PROBLEM DESCRIPTION
Will you output all of the data below exactly, omitting the images?

INPUT DATA
....................

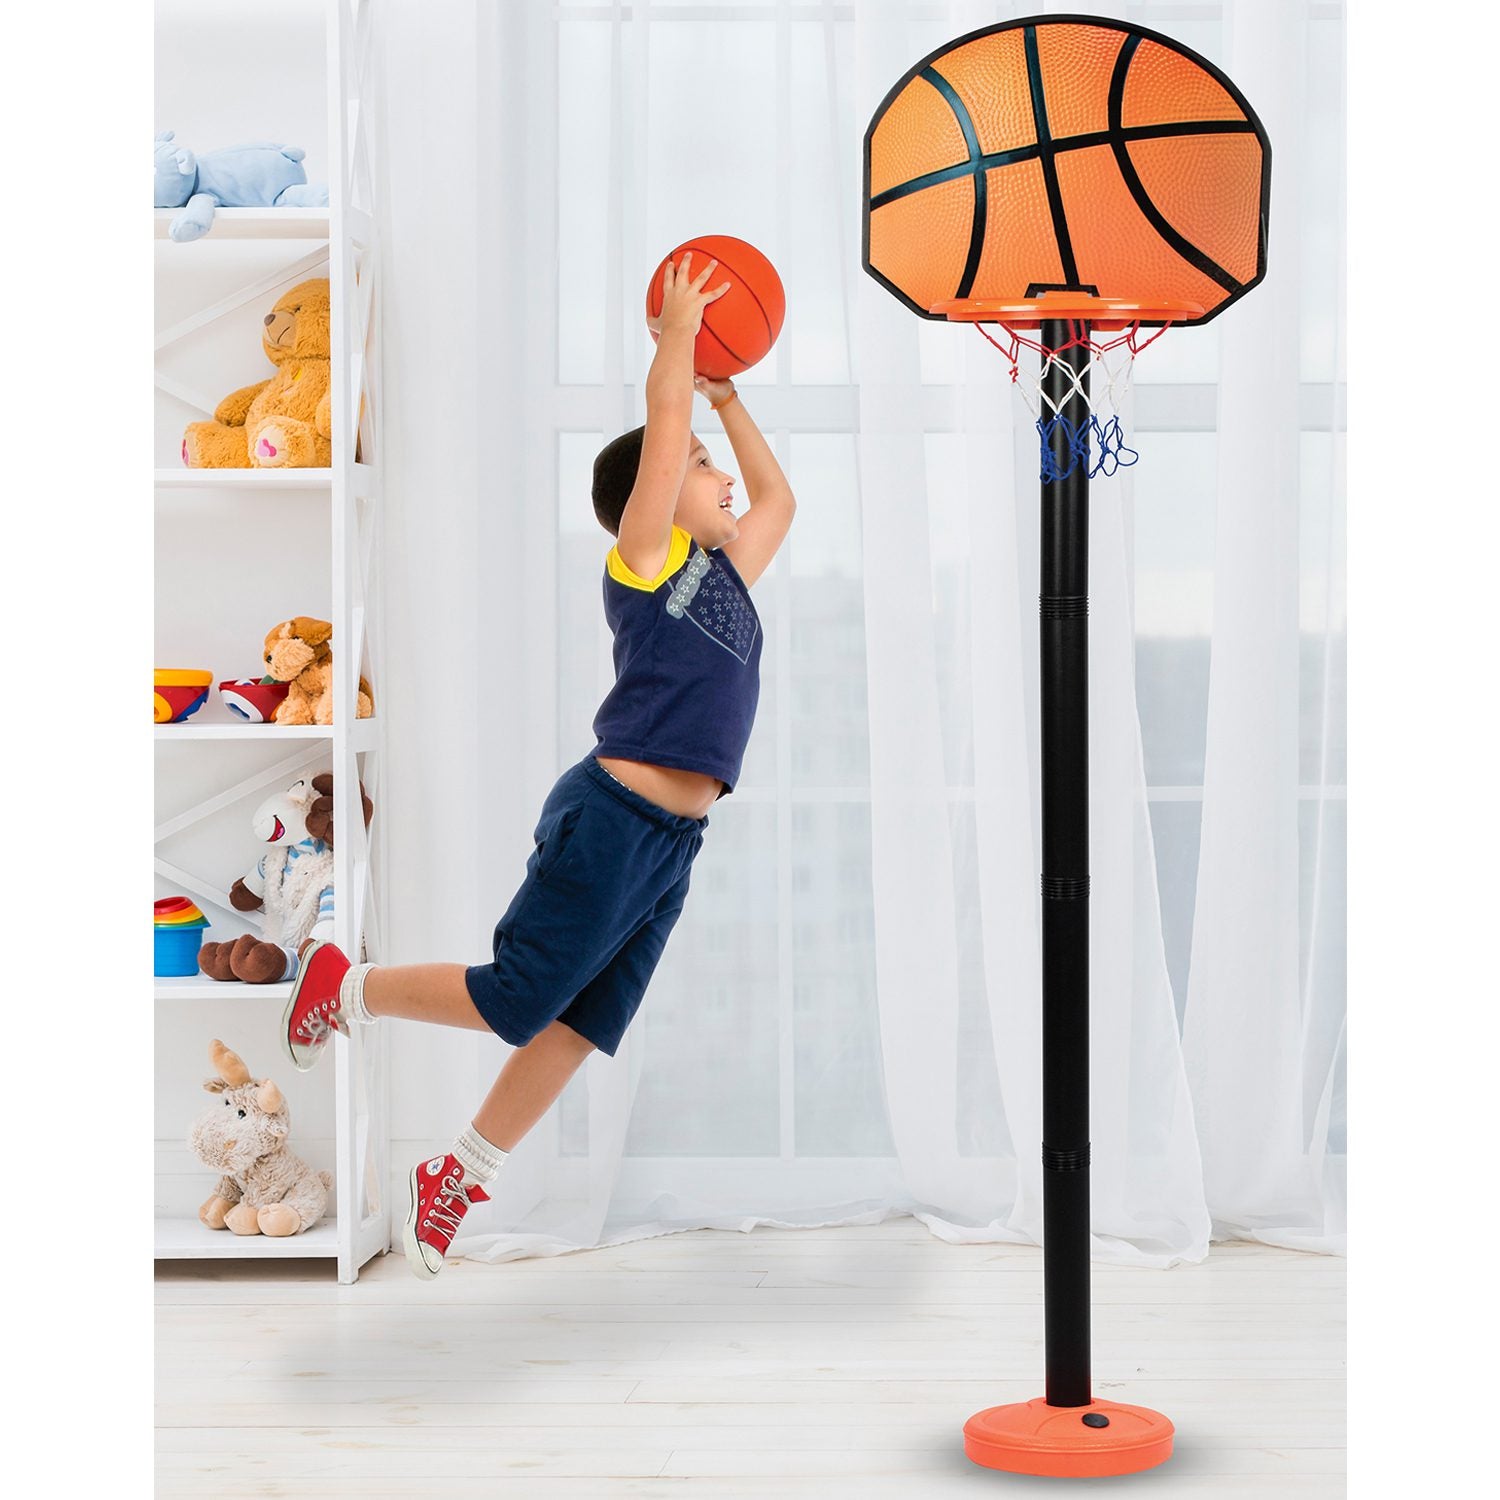 2 IN 1 Basket ball Adjustable for growing kids
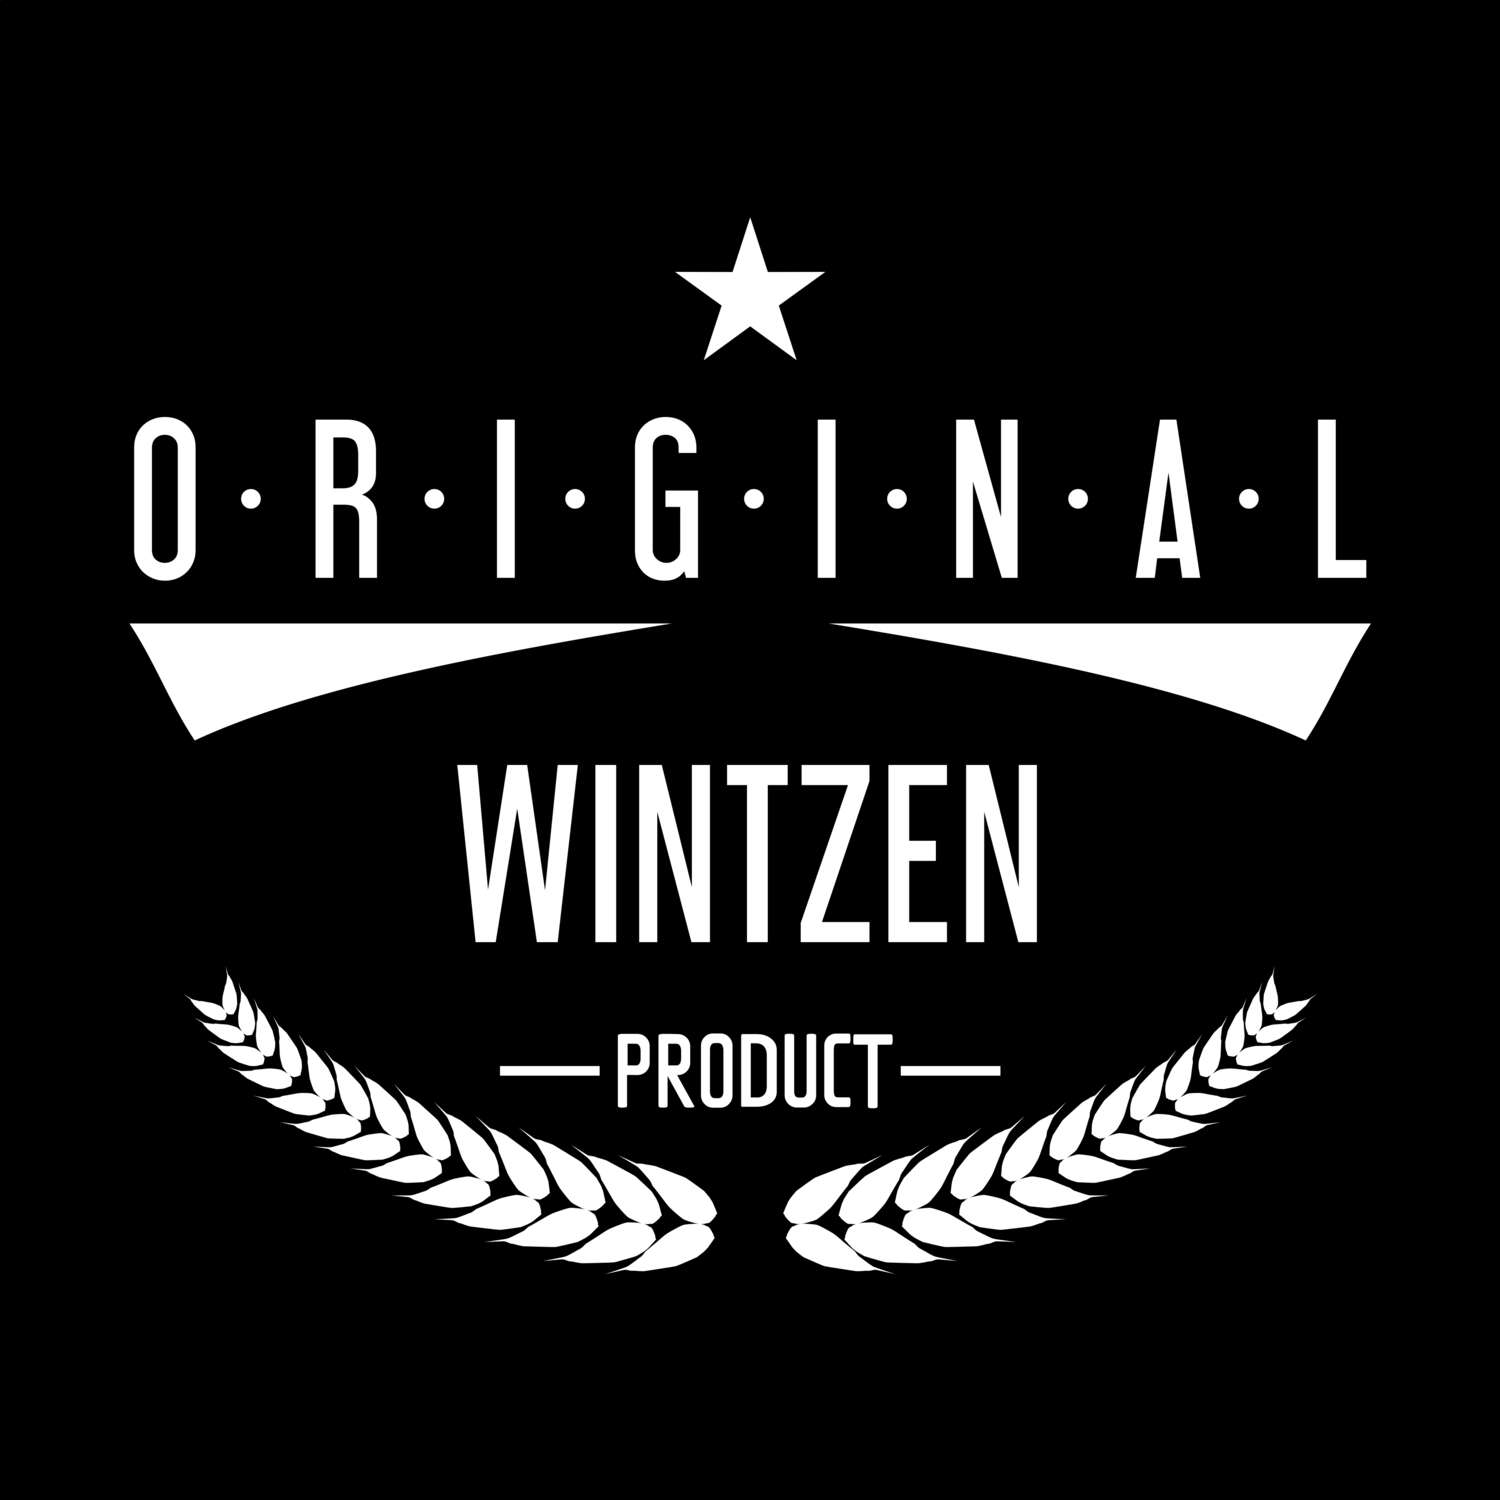 Wintzen T-Shirt »Original Product«
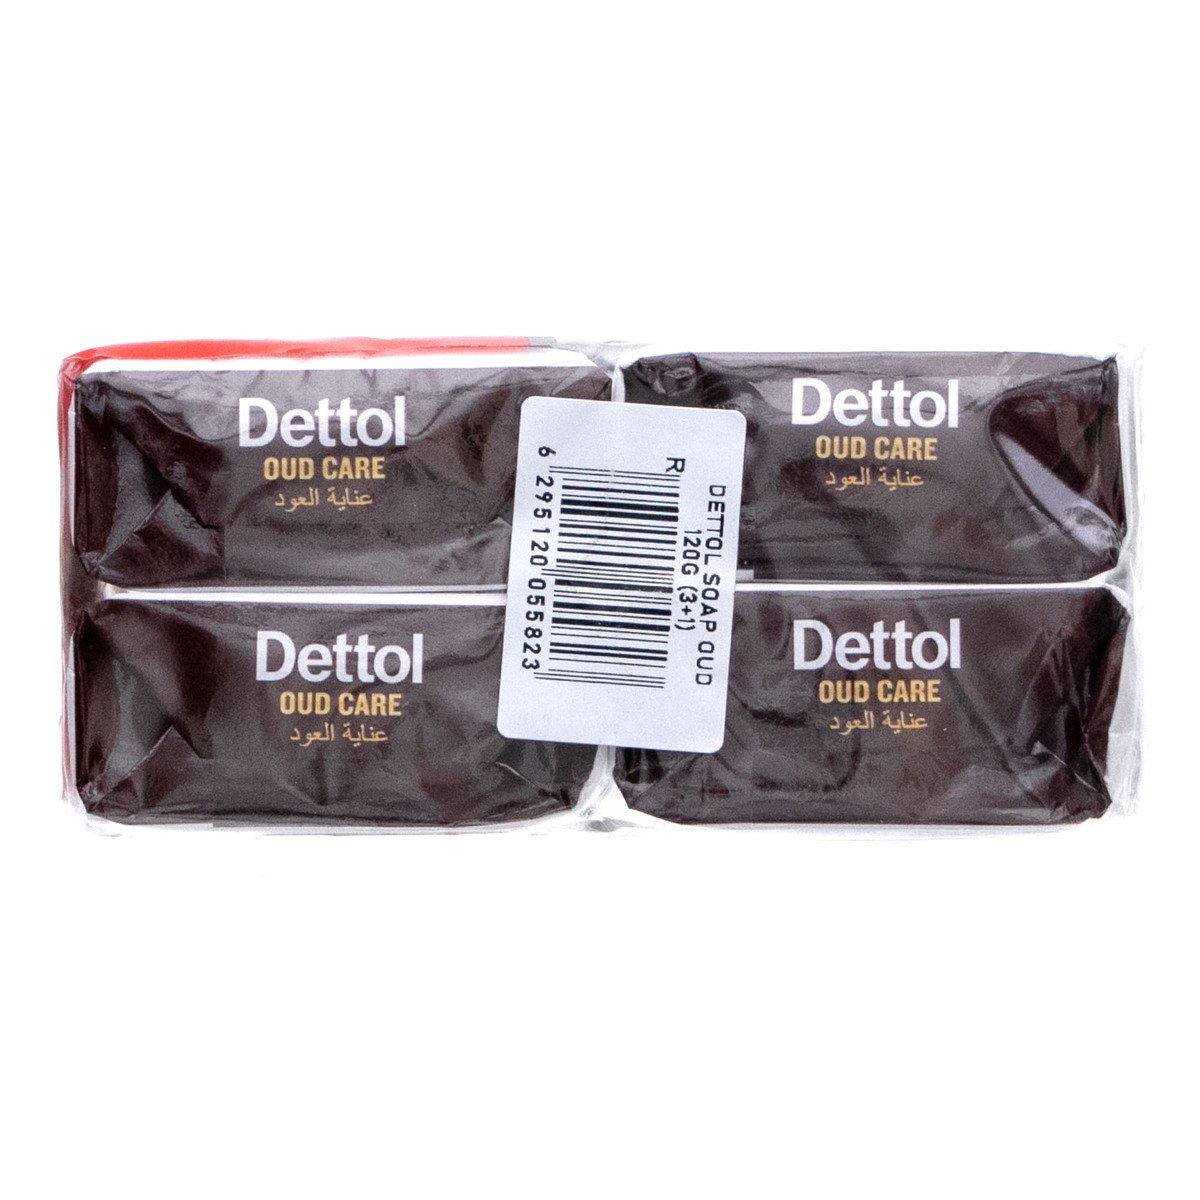 Dettol Oud Care Antibacterial Bar Soap 4 x 120 g
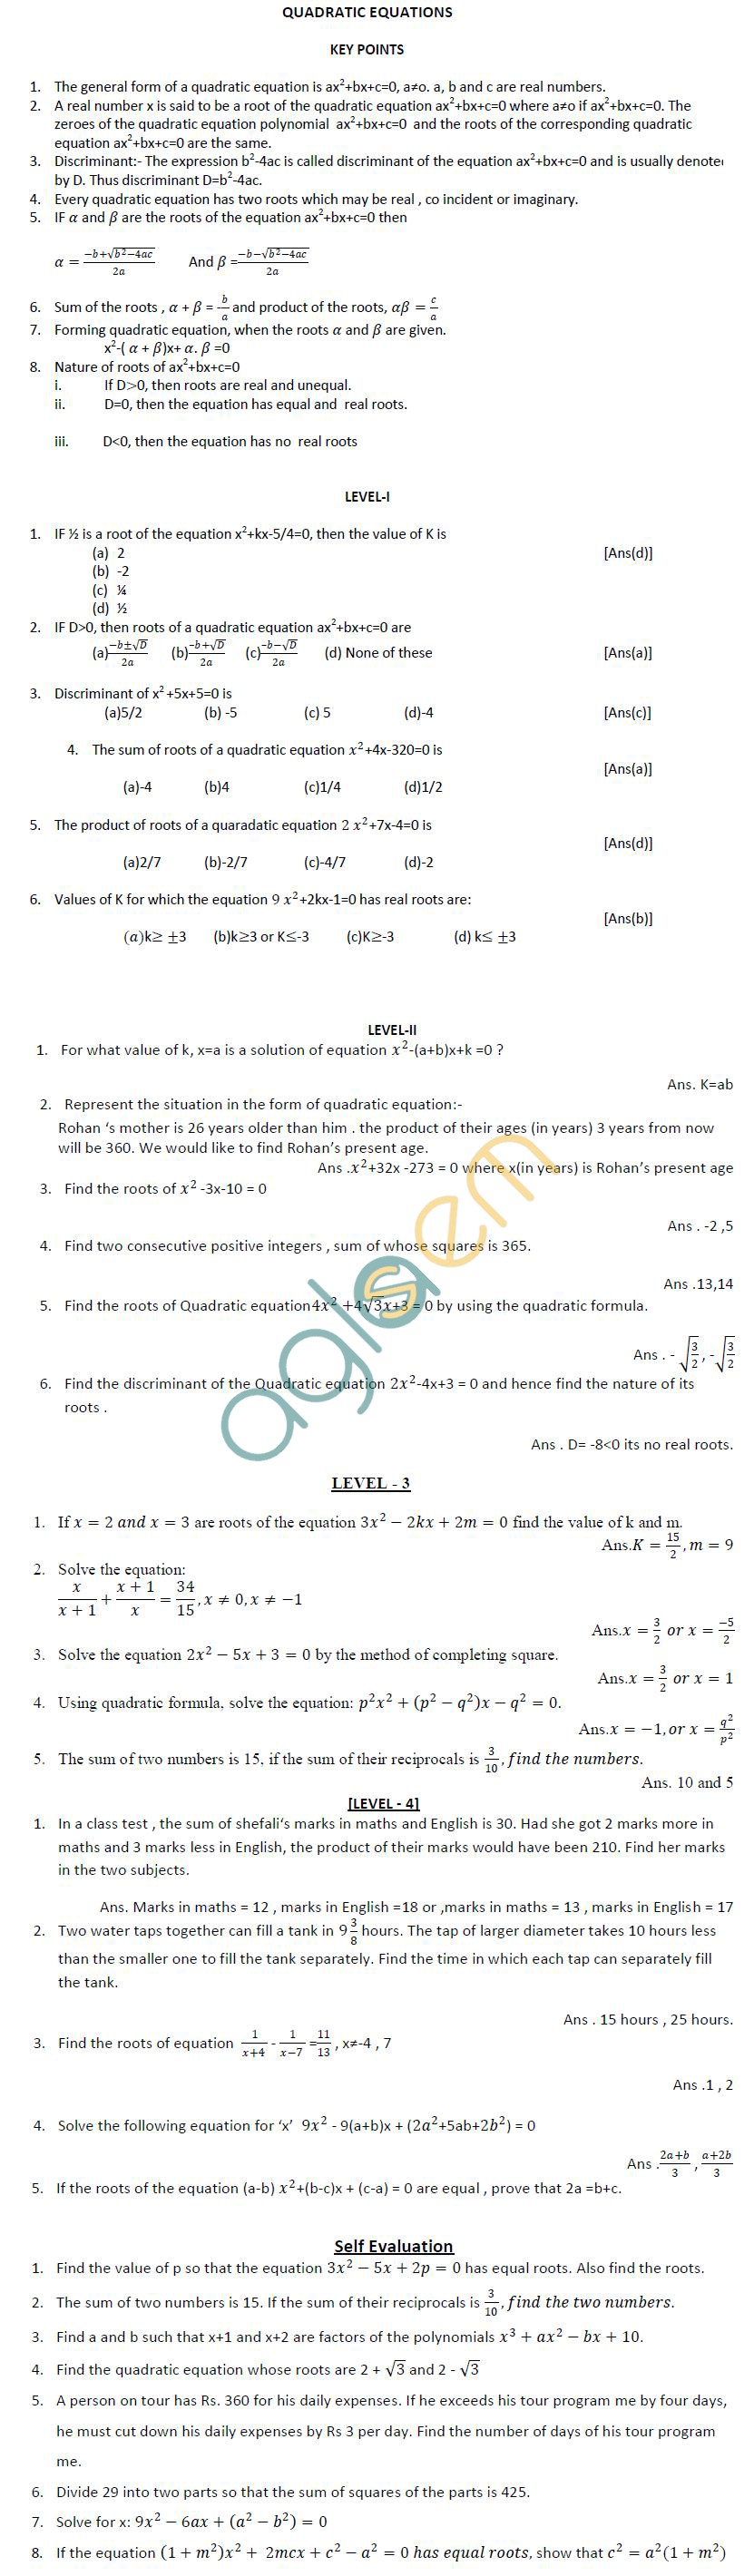 CBSE Class X: Maths - Quadratic Equation

....................

SOLVED PROBLEM
 2 IN 1 Basket ball Adjustable for growing kids
 Wintzen T-Shirt »Original Product«
 Dettol Oud Care Antibacterial Bar Soap 4 x 120 g
 CBSE Class X: Maths - Quadratic Equation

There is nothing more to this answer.